Происходит что-то странное, уже и один остаться не можешь в первобытной глухомани (так называемых первозданных территориях), вечно прилетает вертолет и что-то вынюхивает, тут маскировка нужна. Затем они давай требовать, чтоб ты наблюдал за странными летательными аппаратами для Гражданской обороны, как будто ты способен отличить обычный странный летательный аппарат от любого другого странного летательного аппарата. Что же до меня, остается единственное — не высовывать носа из комнаты и напиваться, бросить все бродяжество и походные свои устремления, потому что ни единого шерифа или пожарного лесника ни в одном из новых пятидесяти штатов не отыщется, кто б теперь дал тебе еды приготовить на горящих веточках в камышовой чаще или скрытом распадке, или где угодно, потому что ему нечего больше делать, только придираться к тому, что видит в пейзаже, если оно движется независимо от армейского полицейского околотка на бензиновой тяге. Корыстных целей у меня тут нет: я просто ухожу в другой мир.
Рей Рэдемакер, парень, живущий в Миссии на Бауэри, не так давно сказал: «Вот бы все было сейчас так, как в те времена, когда моего отца знали как Джонни-Ходока с Белых Гор. Он, было дело, выправил одному мальчишке кости после аварии, за еду, и ушел. Французы тамошние звали его “Le Passant”». (Тот, кто мимоходом.)
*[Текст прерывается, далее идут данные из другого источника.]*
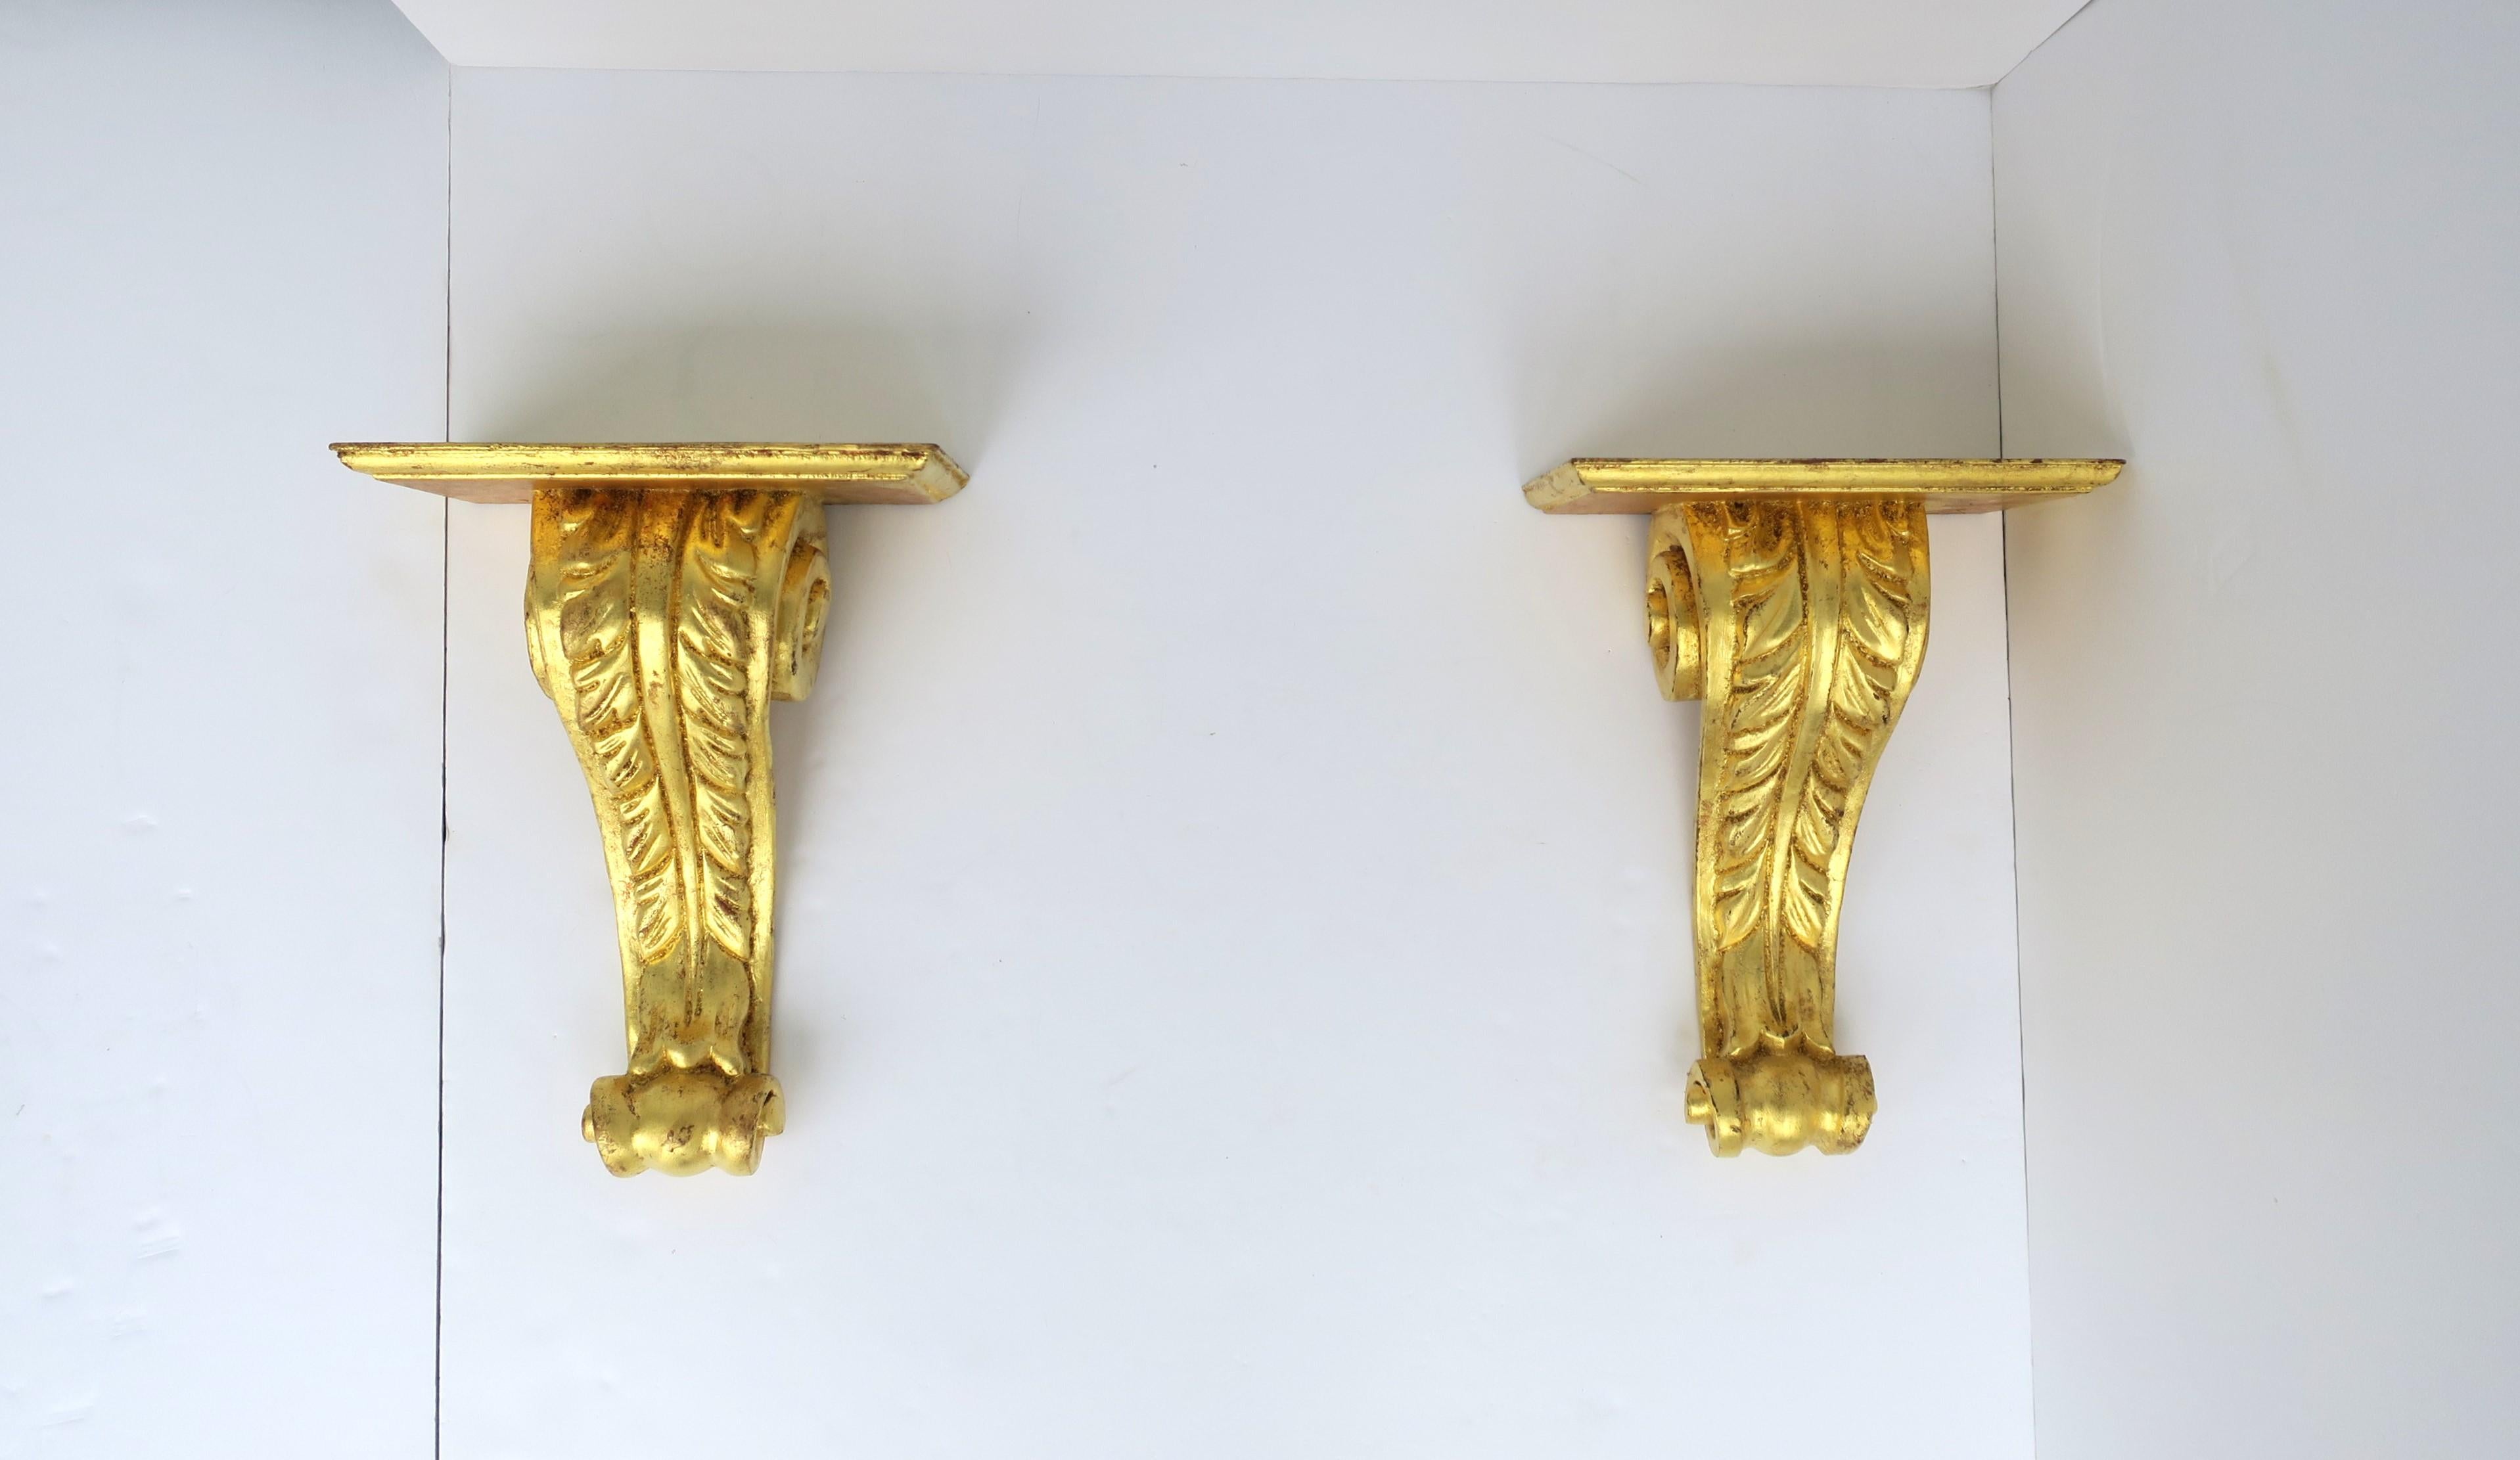 Hand-Painted Italian Gold Gilt Giltwood Wall Shelves Acanthus Leaf Design, Pair For Sale
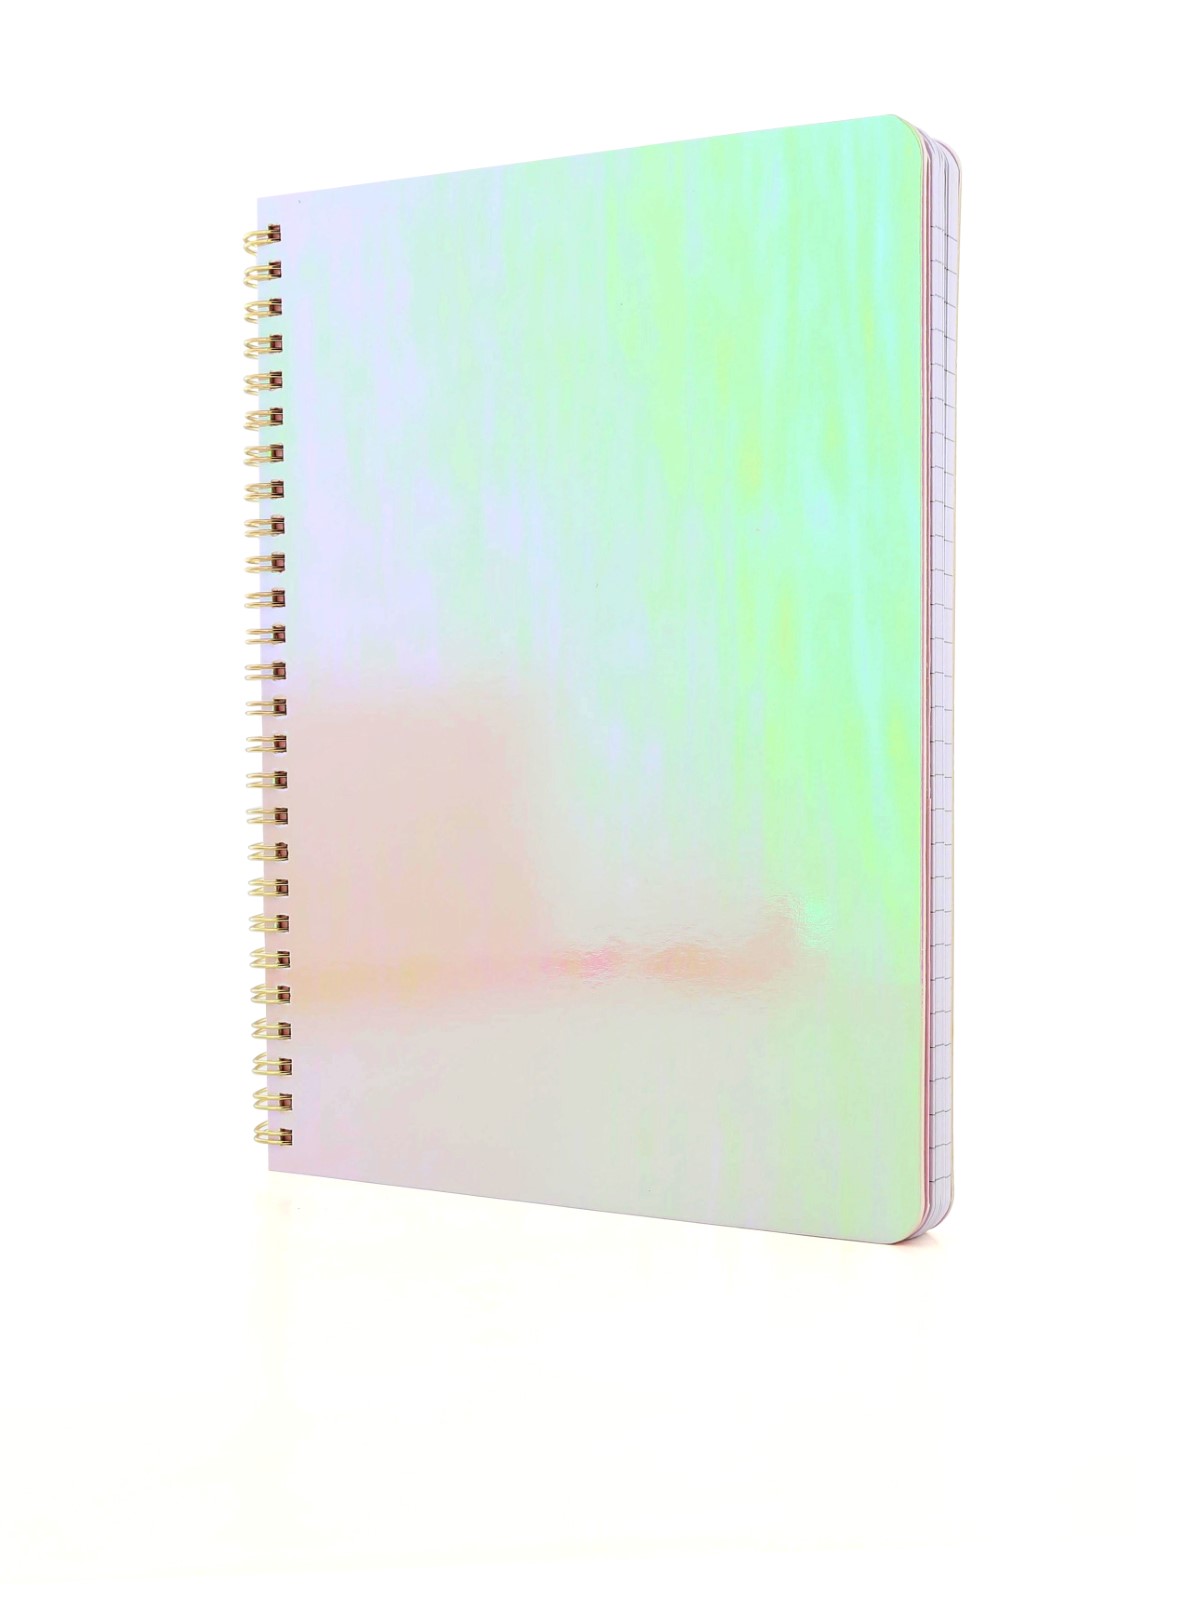 Ban.do Rough Draft Mini Notebook Pearlescent
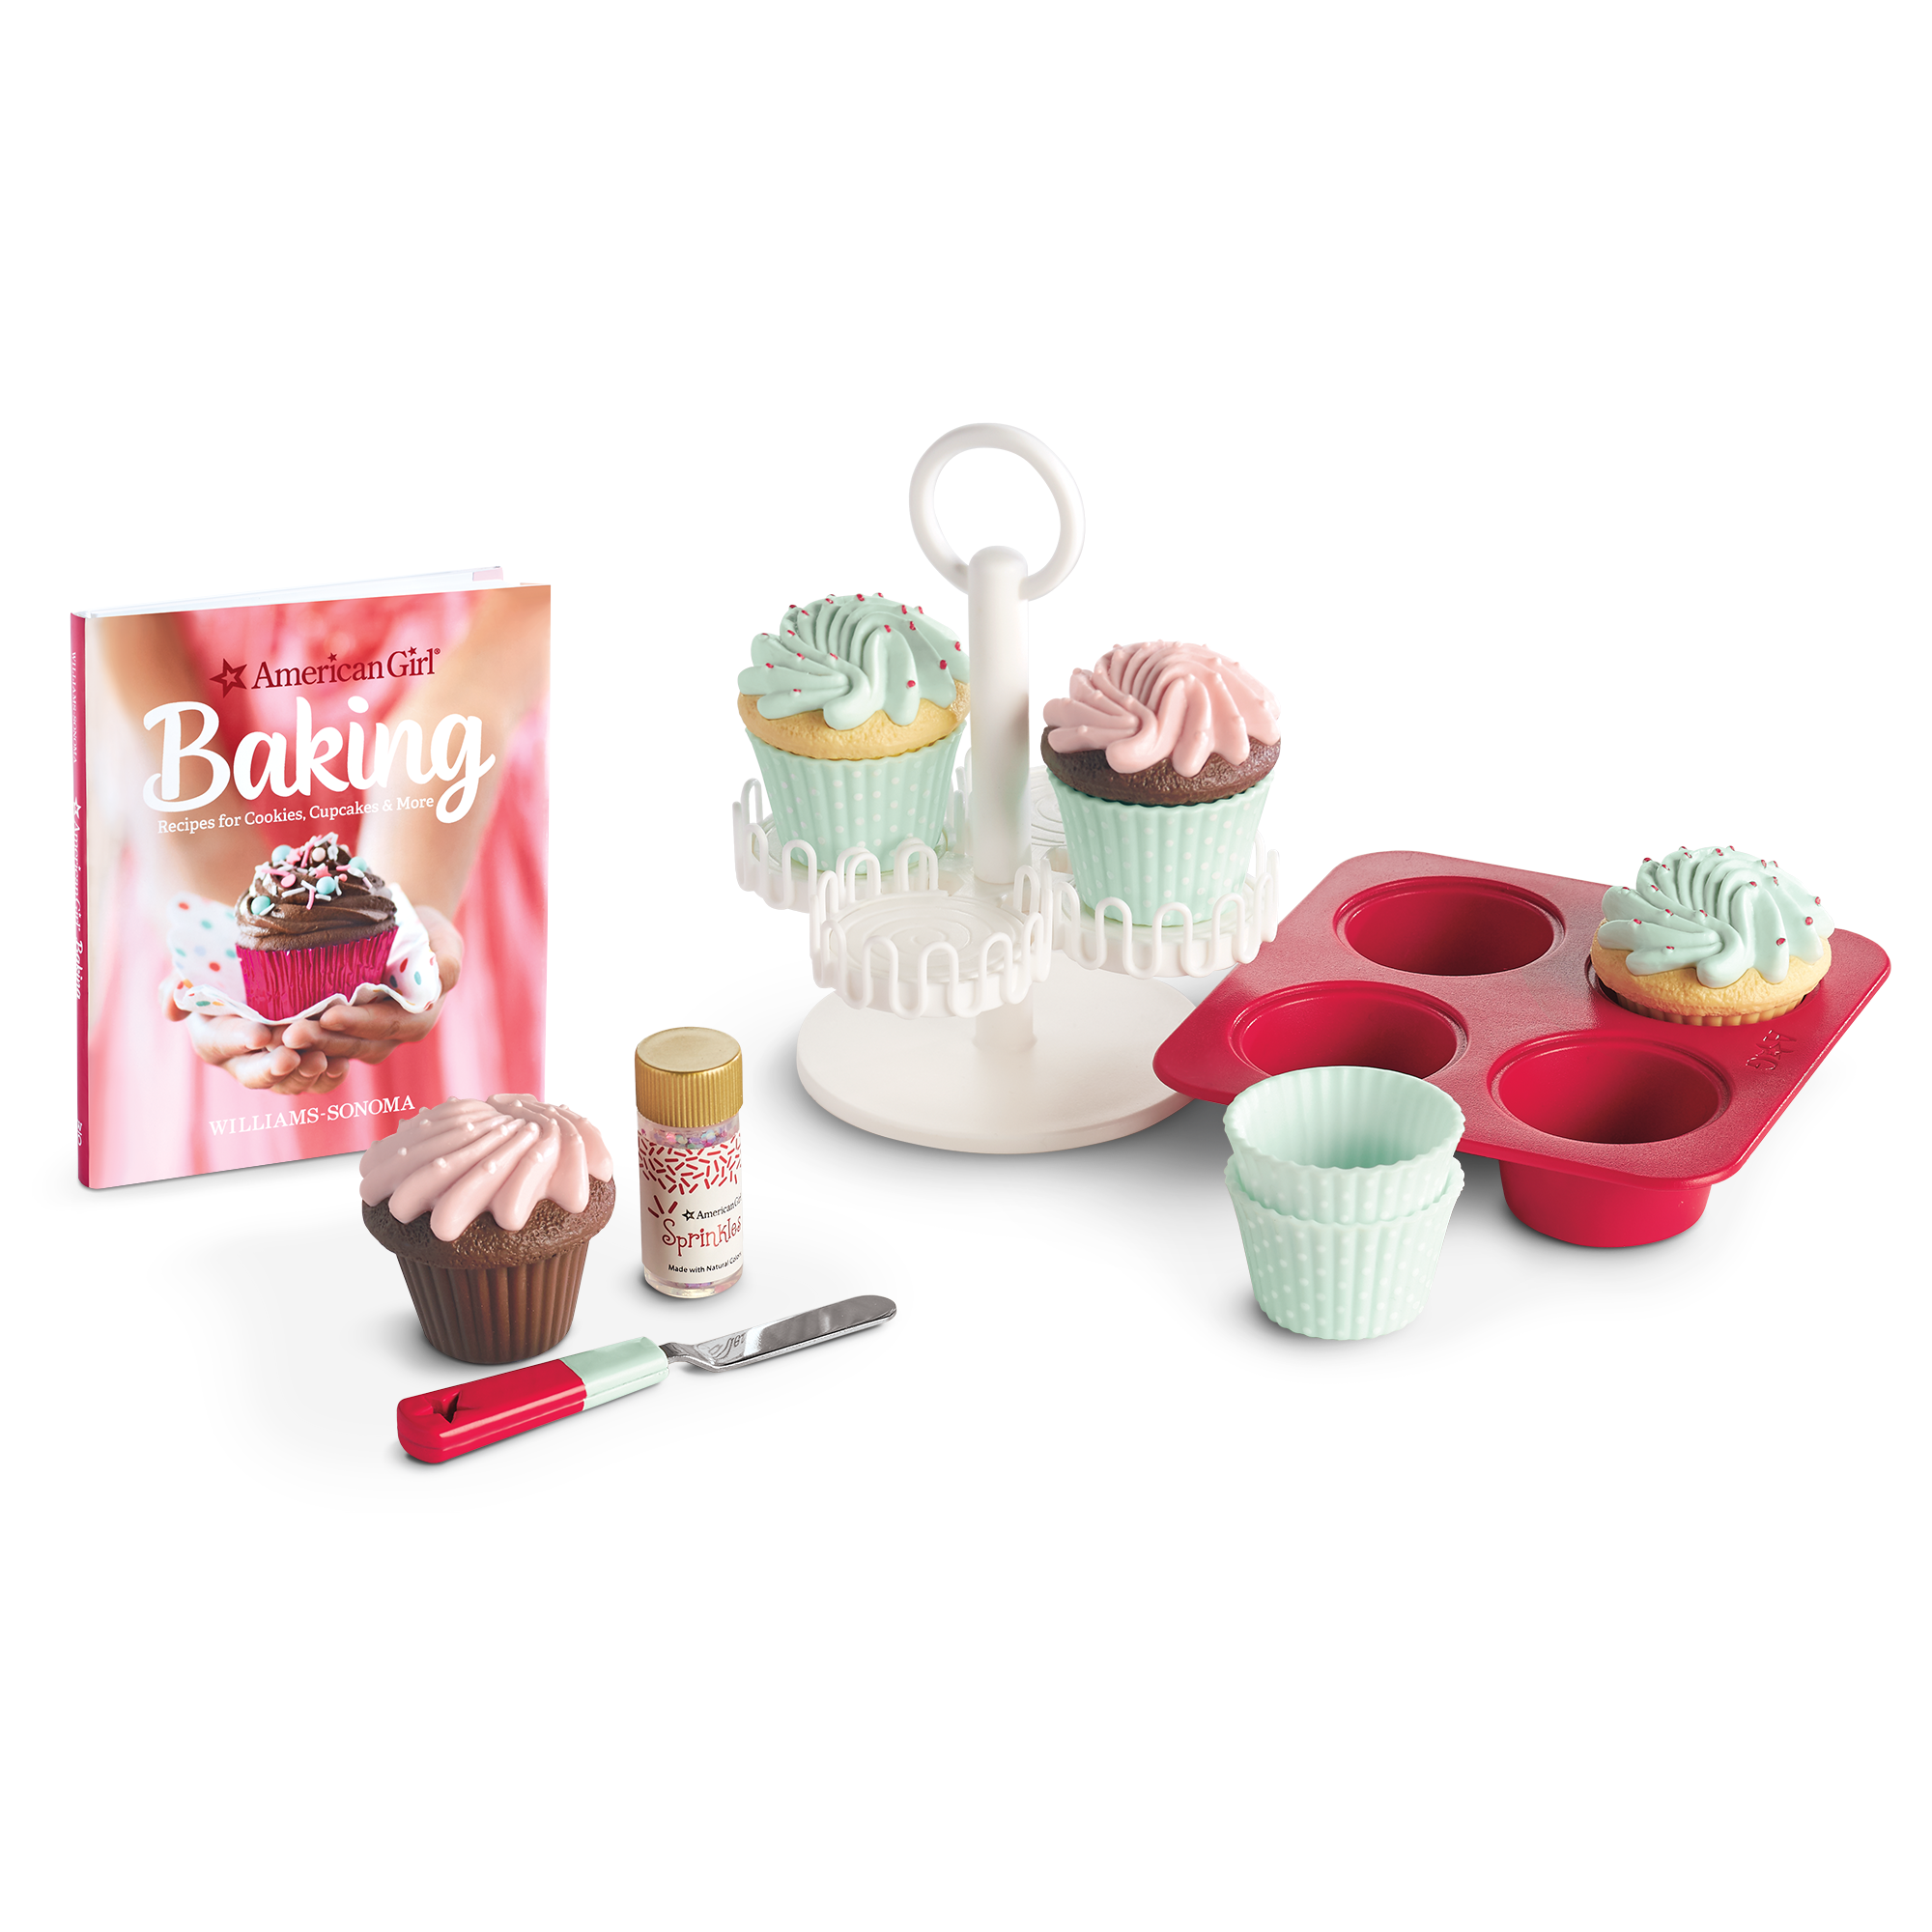 American Girl Baking Gift Set: Recipes for Cookies, Cupcakes

Те бродяги Америки, кто еще может здоровым манером путешествовать, по-прежнему в хорошей форме, они могут прятаться по кладбищам и пить вино под сенью кладбищенских рощ, и миктурировать, и спать на картонках, и бить бутылки о надгробья, и не париться, и не бояться мертвых, а быть серьезными и юморными в легавоизбегающей ночи, и даже развлекаться, и оставлять помет своих пикников меж седых плит Воображаемой Смерти, матеря то, что считают подлинными днями, но бедный бомж сволочного ряда! Вот спит он в парадном, спиной к стене, головой книзу, правая рука ладонью кверху, словно б ждя от ночи подачки, другая висит, сильная, крепкая, как руки Джо Луиса, жалкая, вынужденно трагическая в неизбежных обстоятельствах — как у нищего рука, воздетая с пальцами, образующими намек на то, чего он заслуживает и желает получить, лепящими подаяние, большой палец почти касается палечных кончиков, словно бы с кончика языка у него готово сорваться во сне и с тем жестом, с каким не скажешь наяву: «Зачем вы отняли у меня это, что не могу ни охнуть, ни вздохнуть в покое и сладости моей собственной постели, а лишь тут, в этих тусклых безымянных обносках этого уничижительного приступка, на котором вынужден я сидеть, дожидаясь, когда покатятся колеса города». И далее: «Я не желаю протягивать руку, но во сне я беззащитен и выпрямить ее не могу, однако воспользуйтесь сим случаем узреть мольбу мою, я одинок, я болен, я умираю — видите, рука моя вознесена, узнайте тайну моего человечьего сердца, дайте же мне ее, дайте мне свою руку, заберите меня к изумрудным горам за городом, возьмите в надежное место, будьте добры, будьте милы, улыбнитесь. Я теперь слишком устал от всего остального, с меня уже хватит, сдаюсь, бросаю, я хочу домой, отведи ж меня домой, брат в ночи, отведи меня домой, запри понадежнее, возьми меня туда, где всё сплошь мир и дружество, к родне жизни, к маме, к папе моим, к сестре, к моей жене и к тебе, брат мой, и к тебе, мой друг. Но нет надежды, нет надежды, нет надежды, я просыпаюсь и миллион долларов бы отдал, чтоб оказаться у себя в постели. О Господи, спаси меня». На злых дорогах за газгольдерами, где из-за проволочных оград рычат смертоносные псы, патрульные крейсера внезапно выскакивают, как бригантины, но после преступления потайнее, погубительнее, чем могут передать слова.